Comment être en phase ave l'actualité littéraire de Joyce Carol Oates, elle qui publie plus vite que son ombre? Ainsi, alors que je viens vous parler du trés réussi "Fille noire, fille blanche" sorti il y a quelques mois, elle a déjà publié "Le triomphe du singe-araignée" ainsi qu'un roman pour adolescent. Concentrons nous quand même sur "Fille noire, fille blanche" pour l'instant.Ce roman est le portrait d'une Amérique multiraciale, à travers la relation amour/haine de deux jeunes femmes qui se rencontrent sur le campus de l’université dans les années 70.

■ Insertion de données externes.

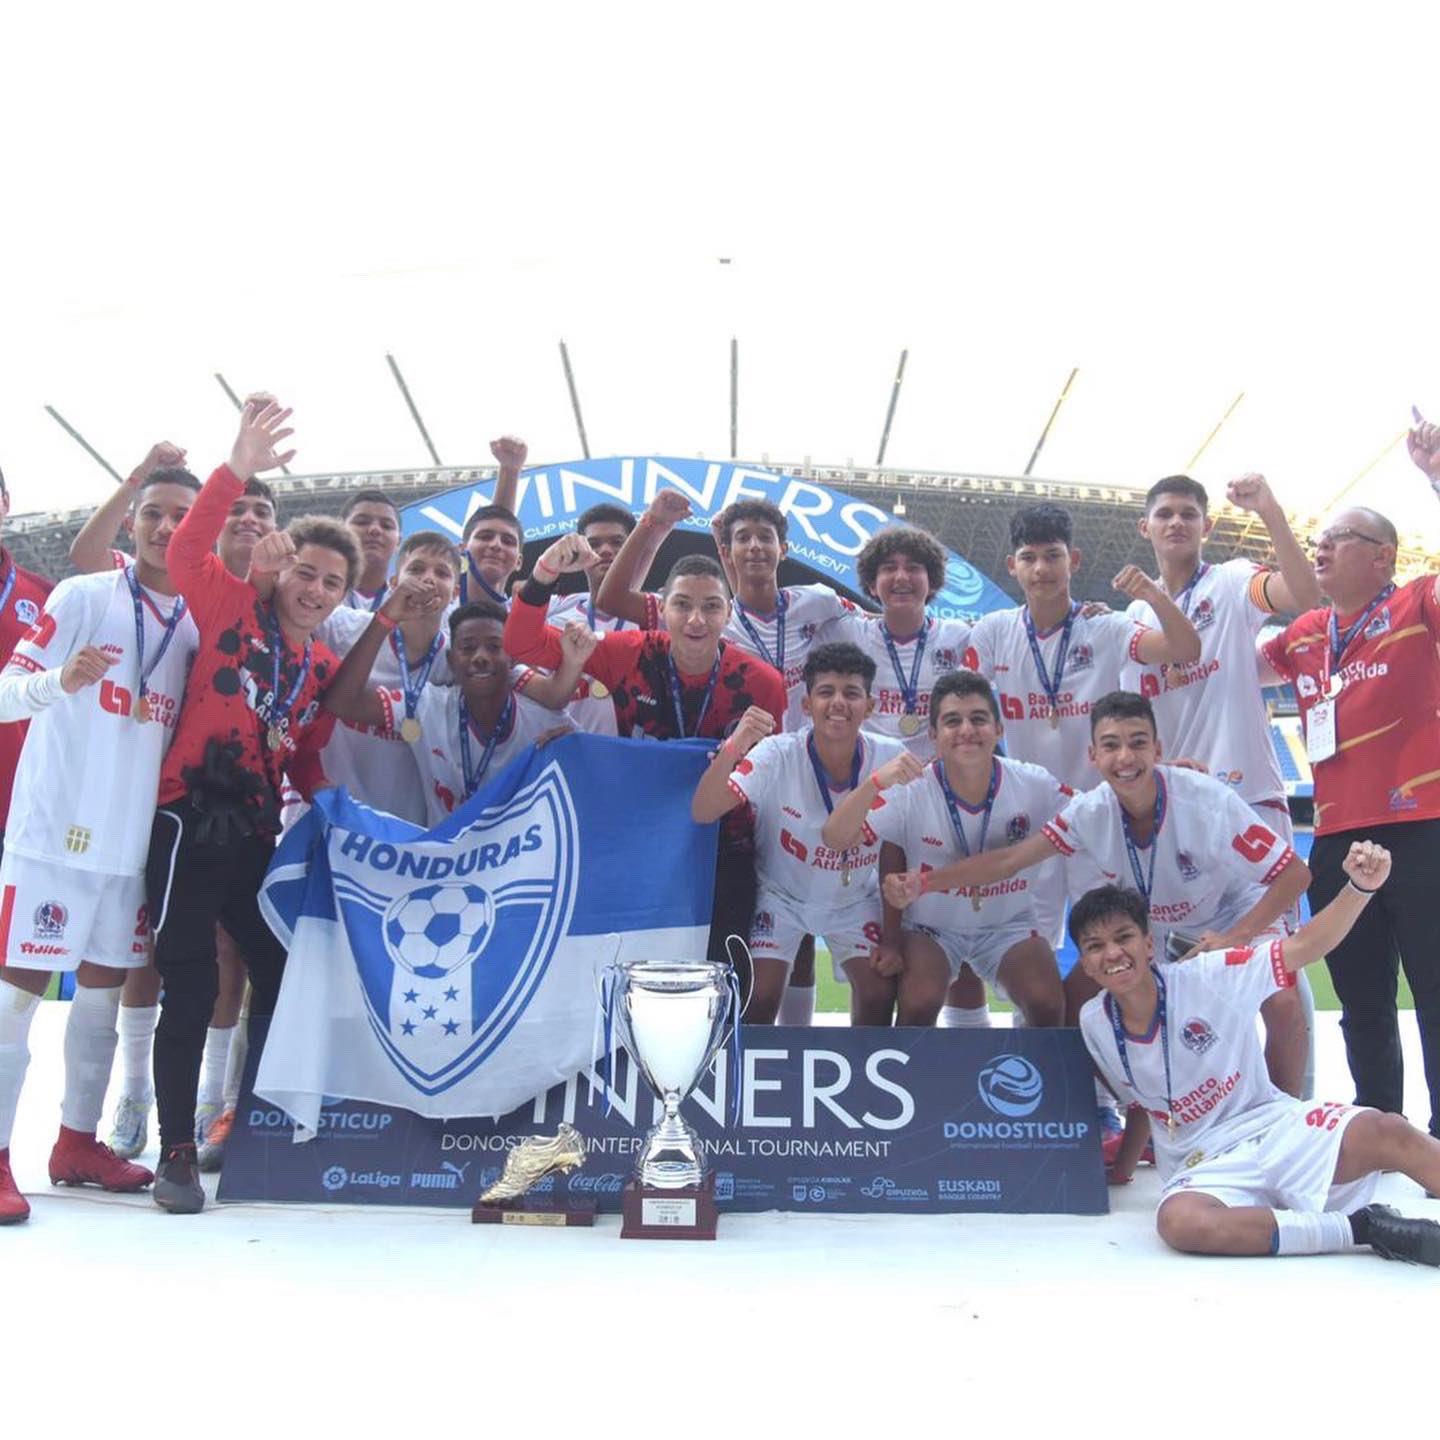 Olympia won the U15 Champion title at the Donosti Cup held in Spain
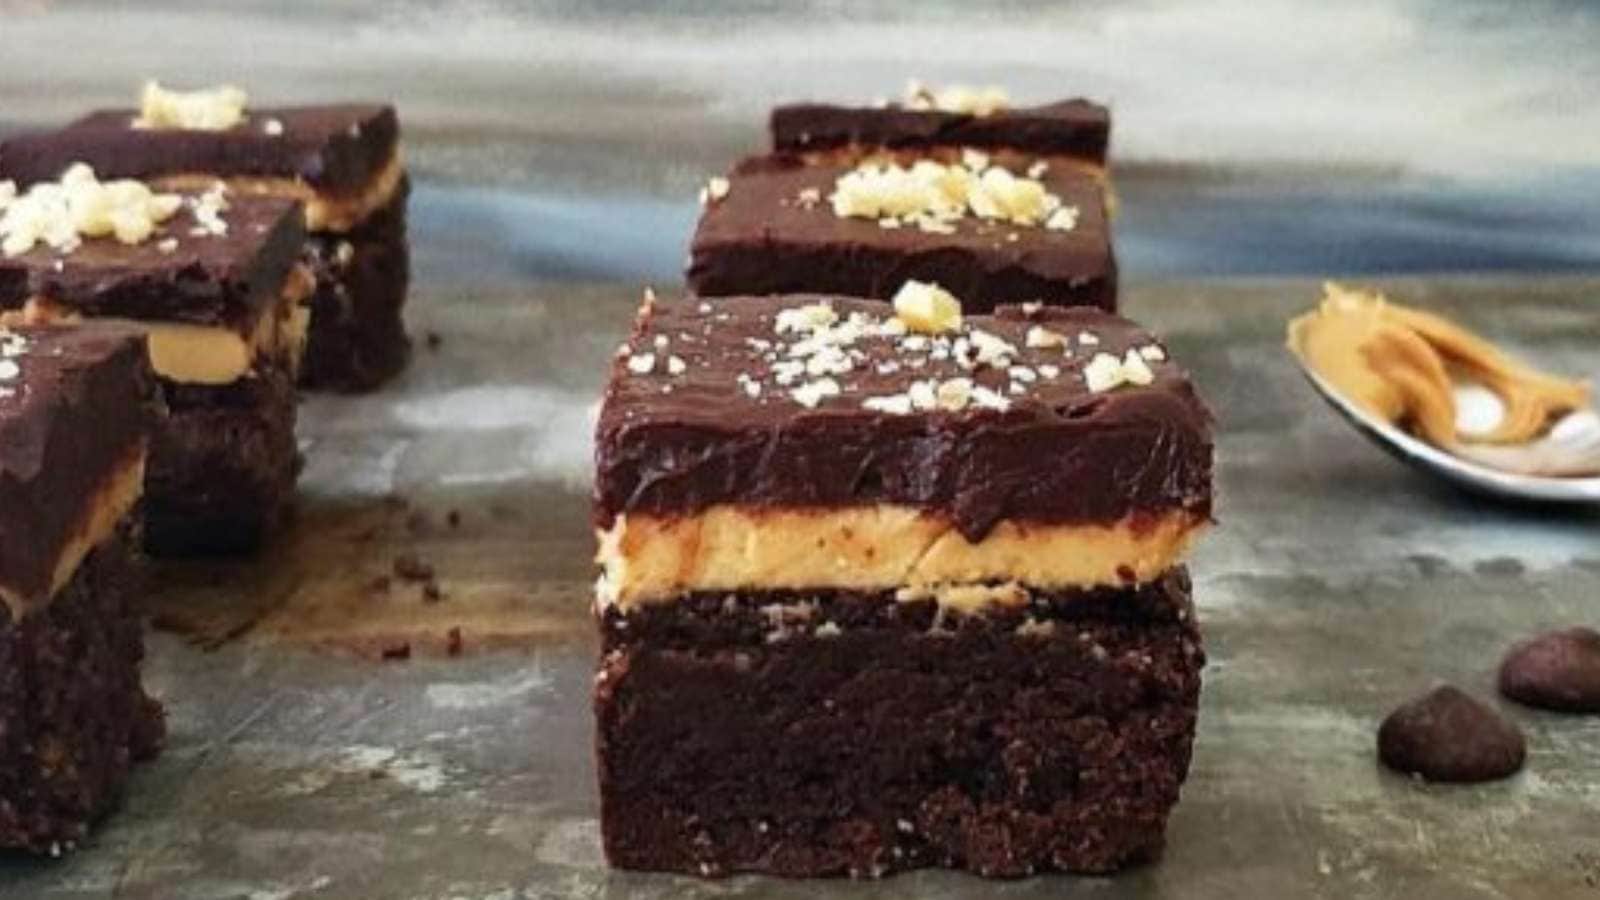 Peanut Butter Brownies recipe by Whisking Wolf.

J’ai beaucoup aimé ce roman qui me paraît, si ce n’est influencé, du moins traitant en partie le même thème que le roman de Marisha Pessl, "La physique des catastrophes" (dont elle a d'ailleurs été la professeur) :  à savoir la relation d’une jeune fille surdouée avec son père universitaire et appartenant à une organisation secrète d’extrême gauche. Mais ce roman brillant s'inscrit aussi dans l'oeuvre de J.C.O., et peut être considéré comme la suite de "Haute enfance" ou "Le pays des merveilles" (deux de ses meilleurs romans), en ce sens qu’elle y décrit l’envers de l’utopie hippie, et en particulier les effets désastreux d'une certaine contre-culture sur des enfants ou des jeunes gens fragiles. Heureuse de retrouver J.C.O. tellement en forme à son âge et après certains romans décevants ("Délicieuse pourritures" notamment que j'avais trouvé très mauvais). Et tant pis si elle n'a toujours pas le Nobel de littérature alors qu'on la dit favorite depuis des années et des années.

"Les variations Bradshaw" de Rachel Cusk (L'Olivier)

Une fois encore, Rachel Cusk explore les relations hommes/femmes, le couple, les ambiguïtés de la maternité et la paternité, la médiocre vie des gens de la banlieue londonienne - et aussi, chose nouvelle, la condition des immigrés polonais, à travers une fille au père vivant chez le couple et son petit ami rencontré à l’hôpital où elle travaille. Le ton est malgré tout plus grave que dans les deux autres romans, il y a moins d’humour mais le style reste de très haute tenue. Dommage que l’éditeur ne suive pas de plus près sa production : ce livre est son septième mais seulement le troisième traduit en français, après "Arlington park" et "Egypt farm". En tout cas, elle est une des rares auteurs dont j'ai envie de suivre l'évolution et dont j'attends chaque livre avec impatience.